• [Task item]: Leaving the pictures aside, reproduce the data in full and word for word.

• [Recorded data]:
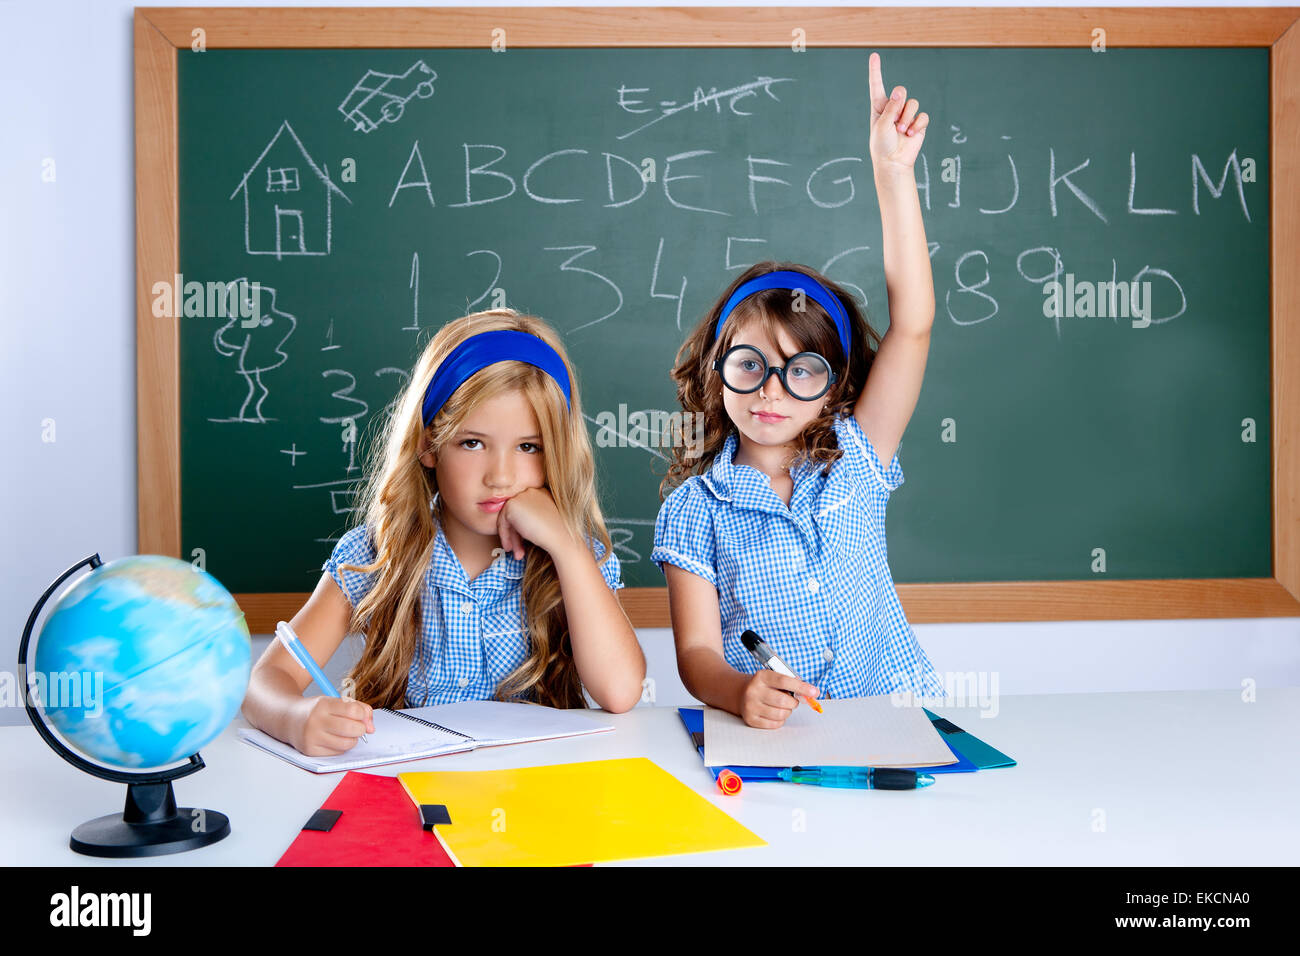 clever nerd student girl in classroom raising hand Stock Photo: 80800104 - Alamy1300 x 956
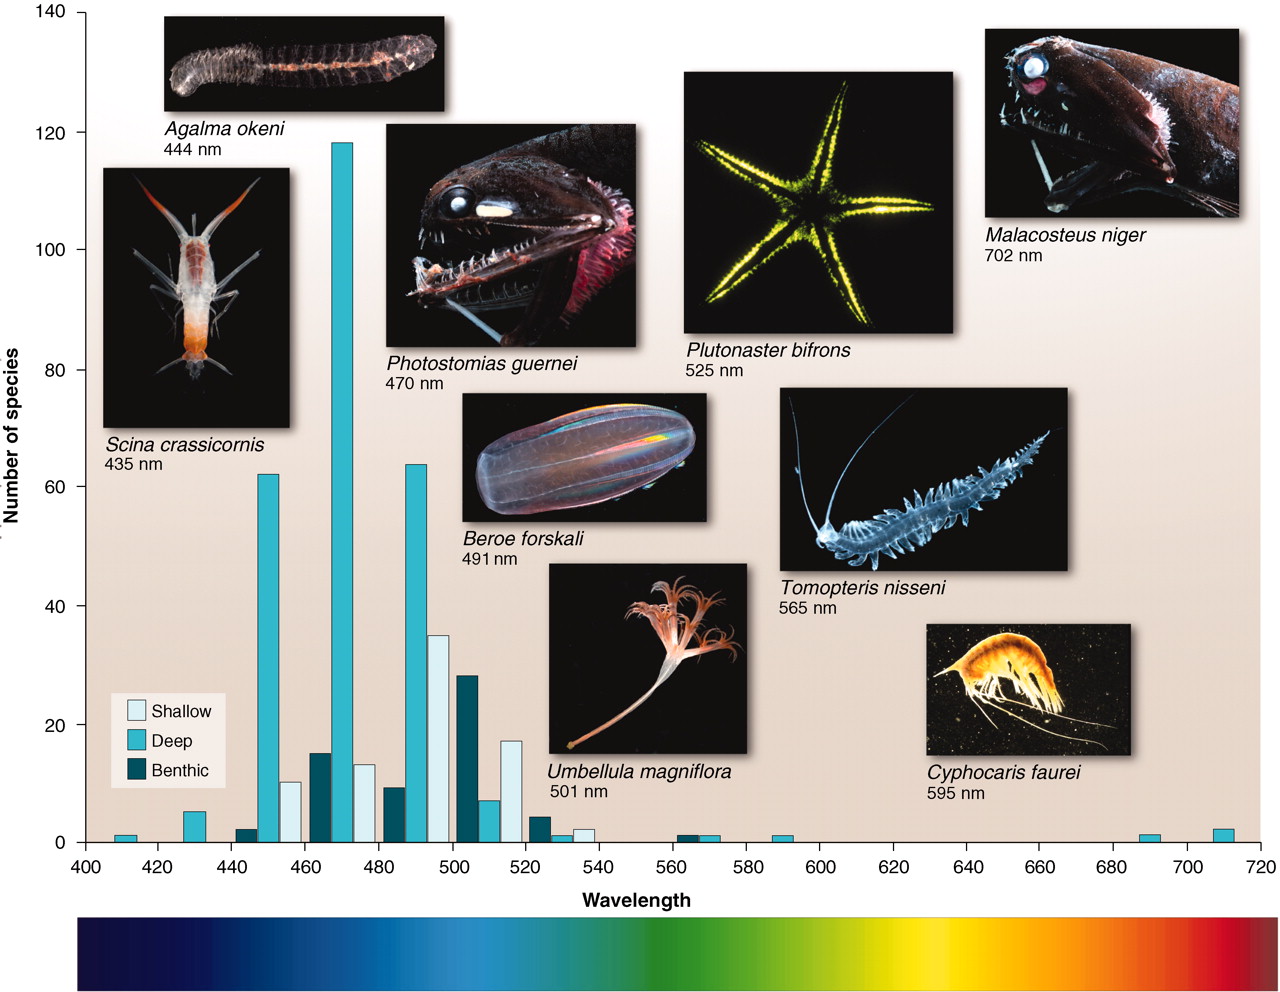 Distribution of bioluminescent species across the sea zones
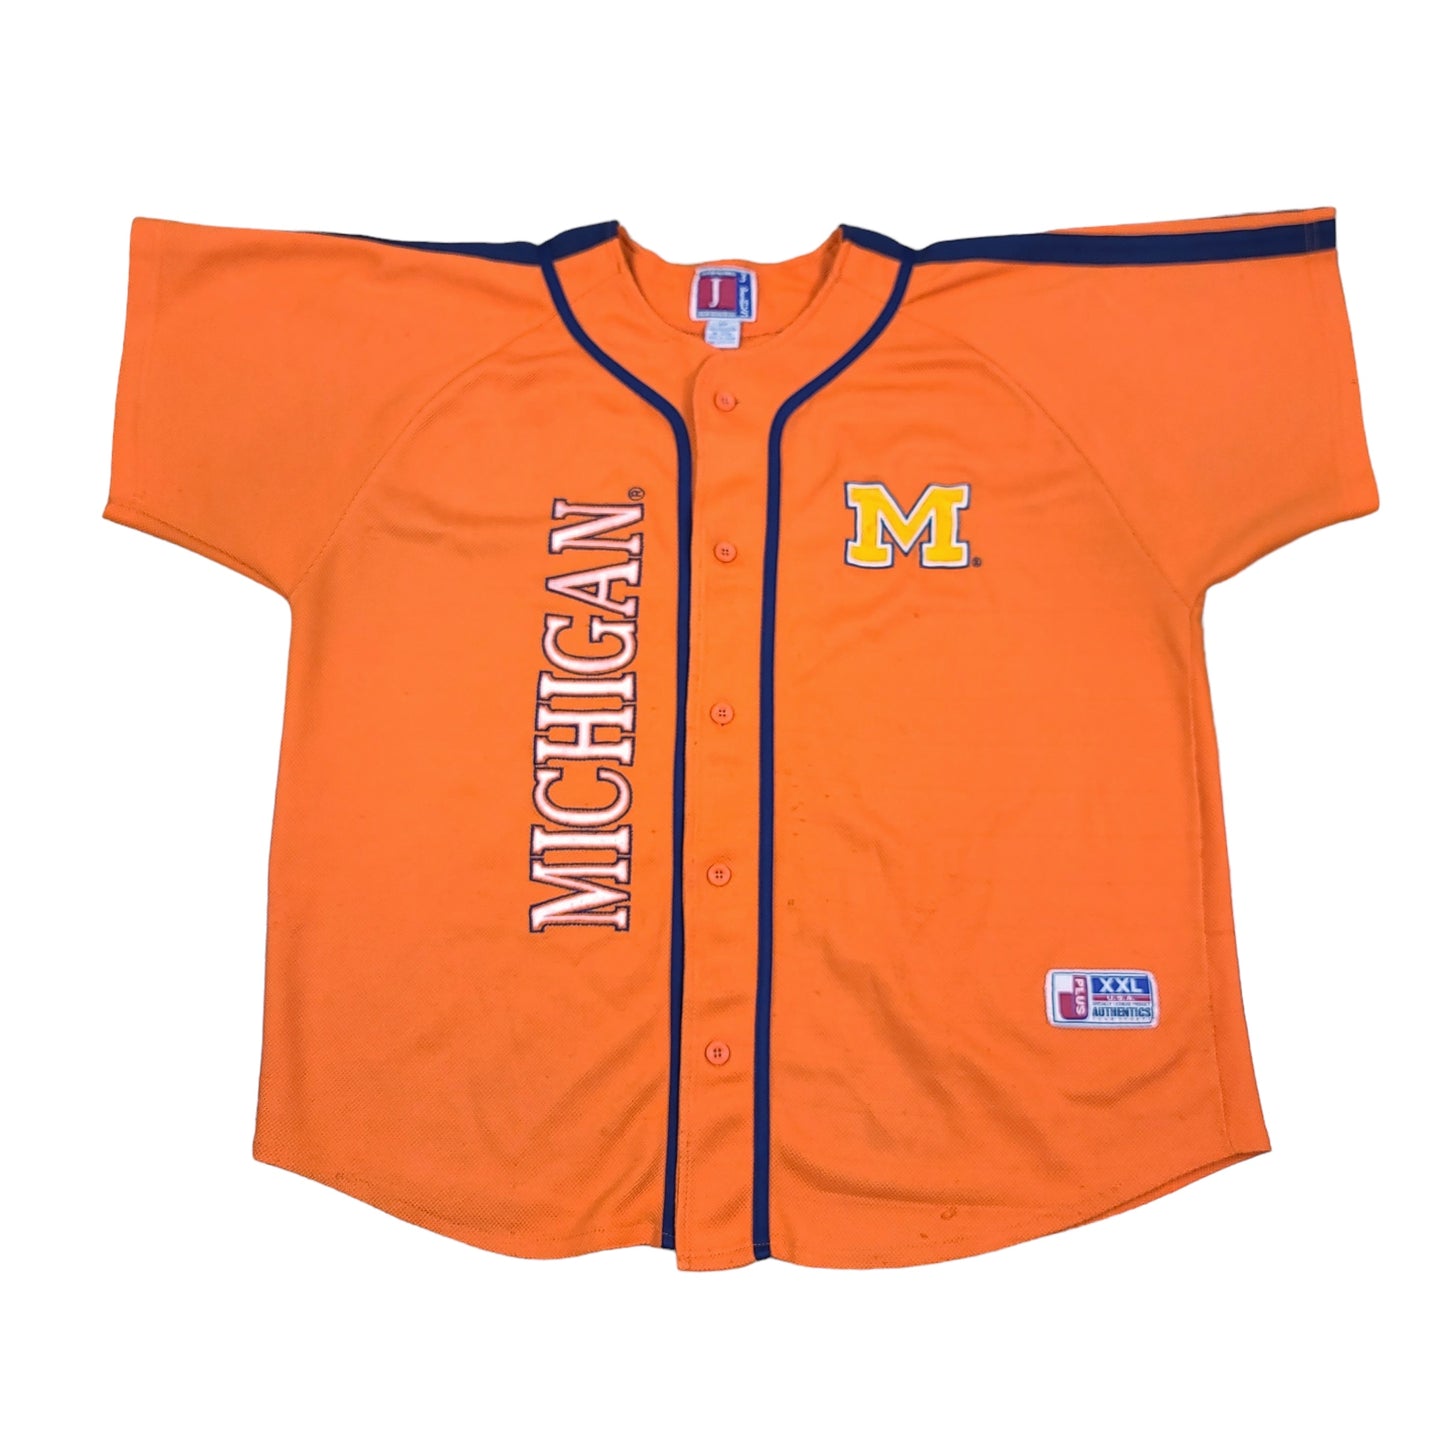 Vintage University of Michigan Orange Baseball Jersey

• [Response box]:
 clever nerd student girl in classroom raising hand Stock Photo: 80800104 - Alamy1300 x 956
 Distribution of bioluminescent species across the sea zones
 Vintage University of Michigan Orange Baseball Jersey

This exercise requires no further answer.